» **What is needed**
The following data needs to be repeated exactly, with all images excluded.

» **Recorded data**
********************

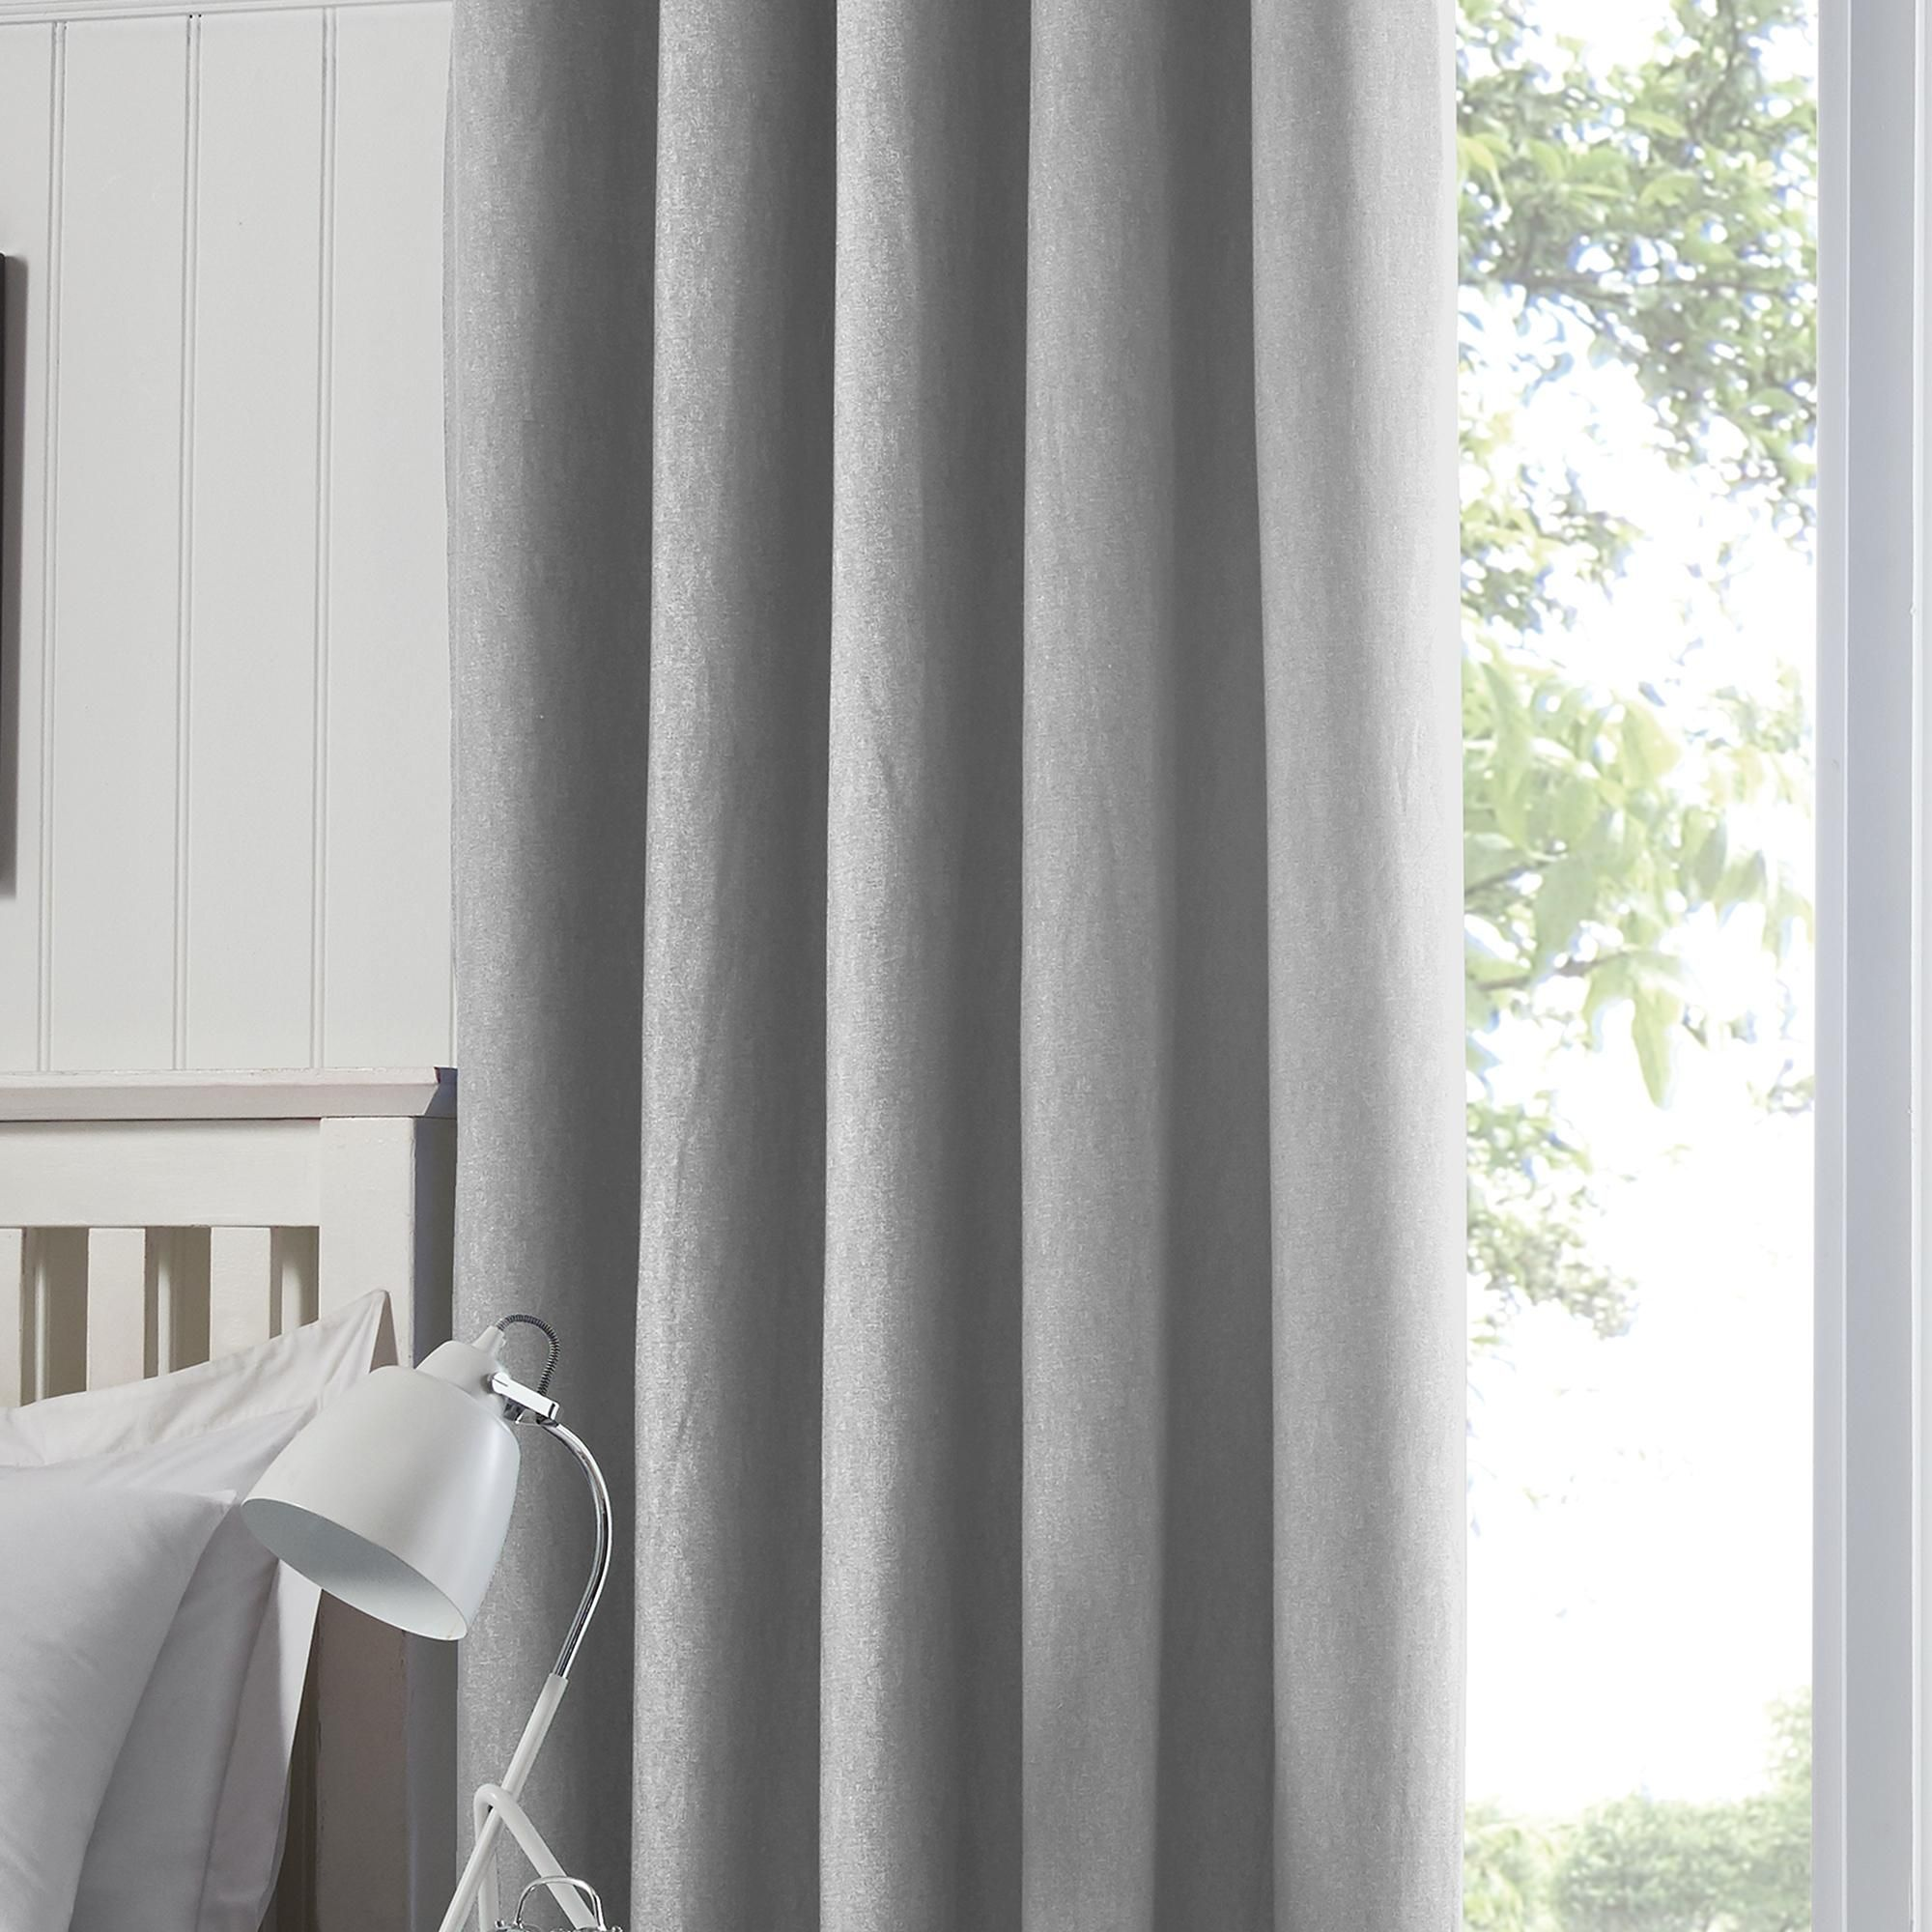 Argos Home 117 x 183cm Blackout Eyelet Curtains Blush
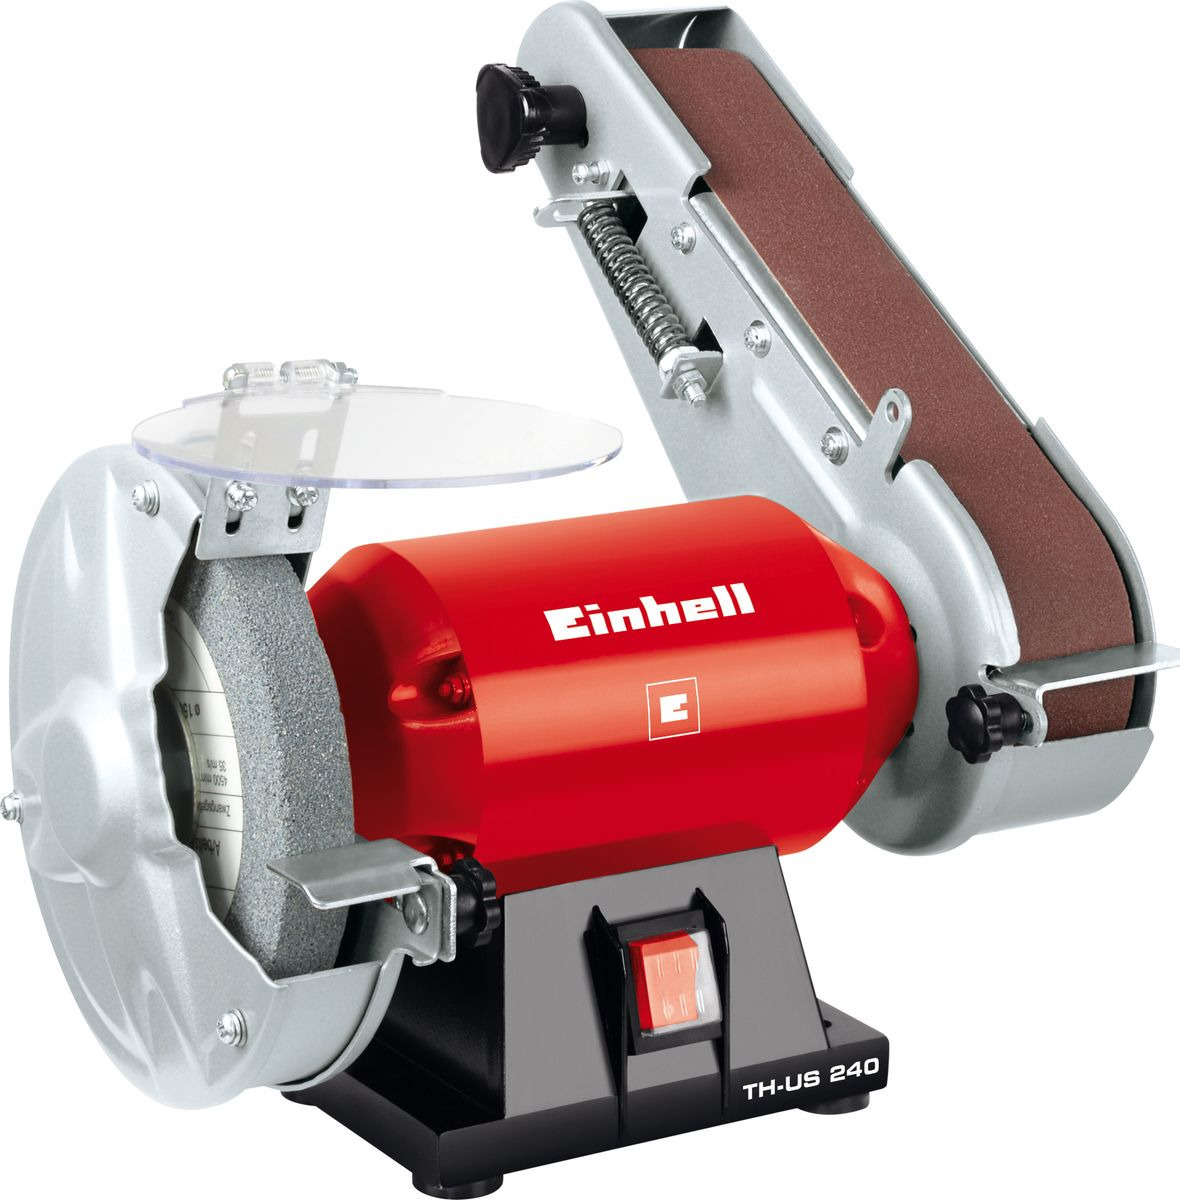 Станок точильный Einhell Classic TH-US 240, 240Вт, 2950 об/мин цена 2017
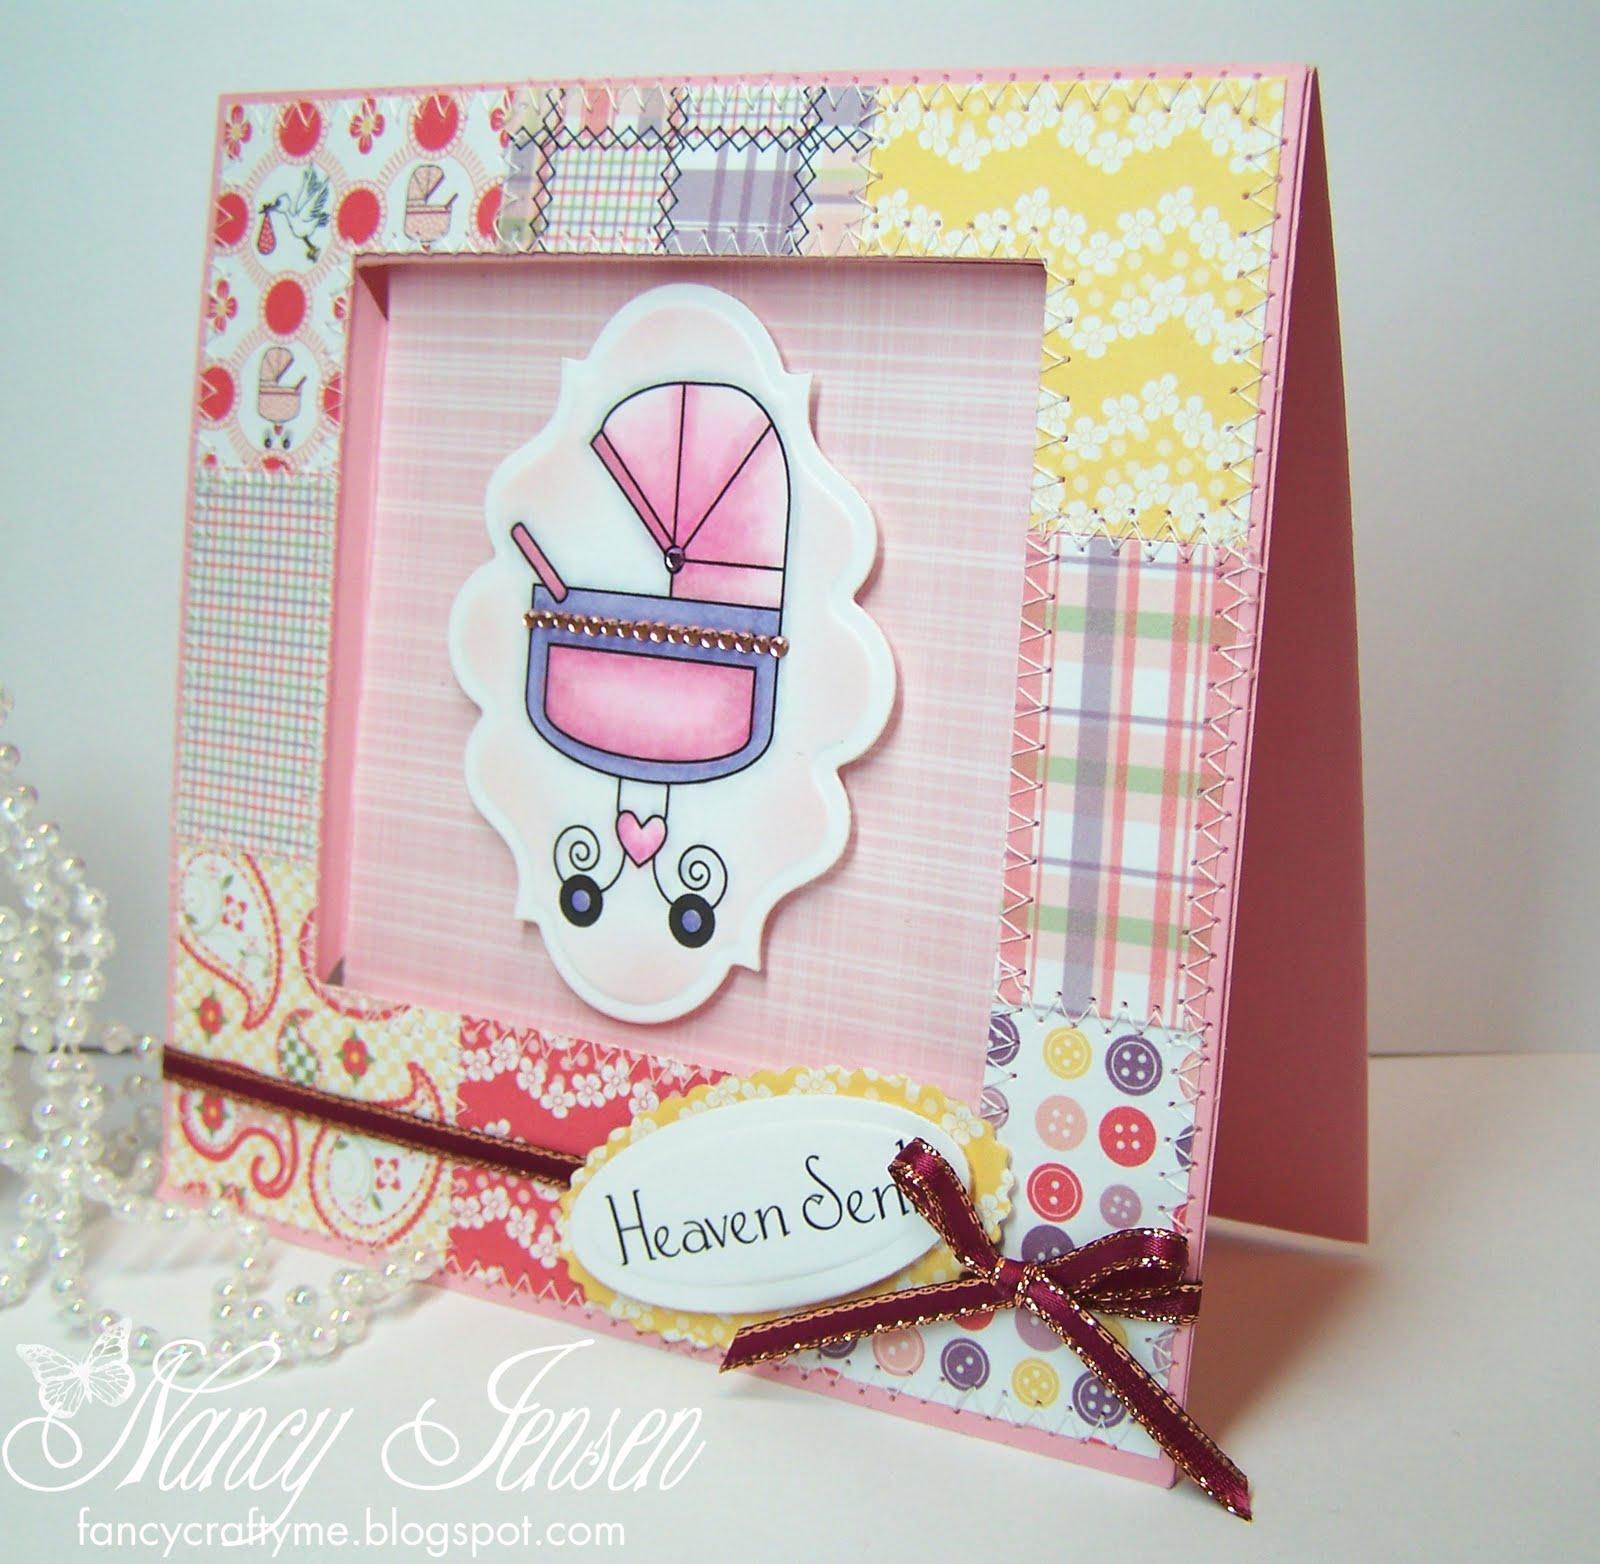 http://2.bp.blogspot.com/-3U1GA_4EqYI/TfpV81g6vJI/AAAAAAAACNc/RgEUmIFfX1A/s1600/mtme+14+baby+girl+6.jpg

********************

» **Answer for the task**
 Argos Home 117 x 183cm Blackout Eyelet Curtains Blush
 Станок точильный Einhell Classic TH-US 240, 240Вт, 2950 об/мин цена 2017
 http://2.bp.blogspot.com/-3U1GA_4EqYI/TfpV81g6vJI/AAAAAAAACNc/RgEUmIFfX1A/s1600/mtme+14+baby+girl+6.jpg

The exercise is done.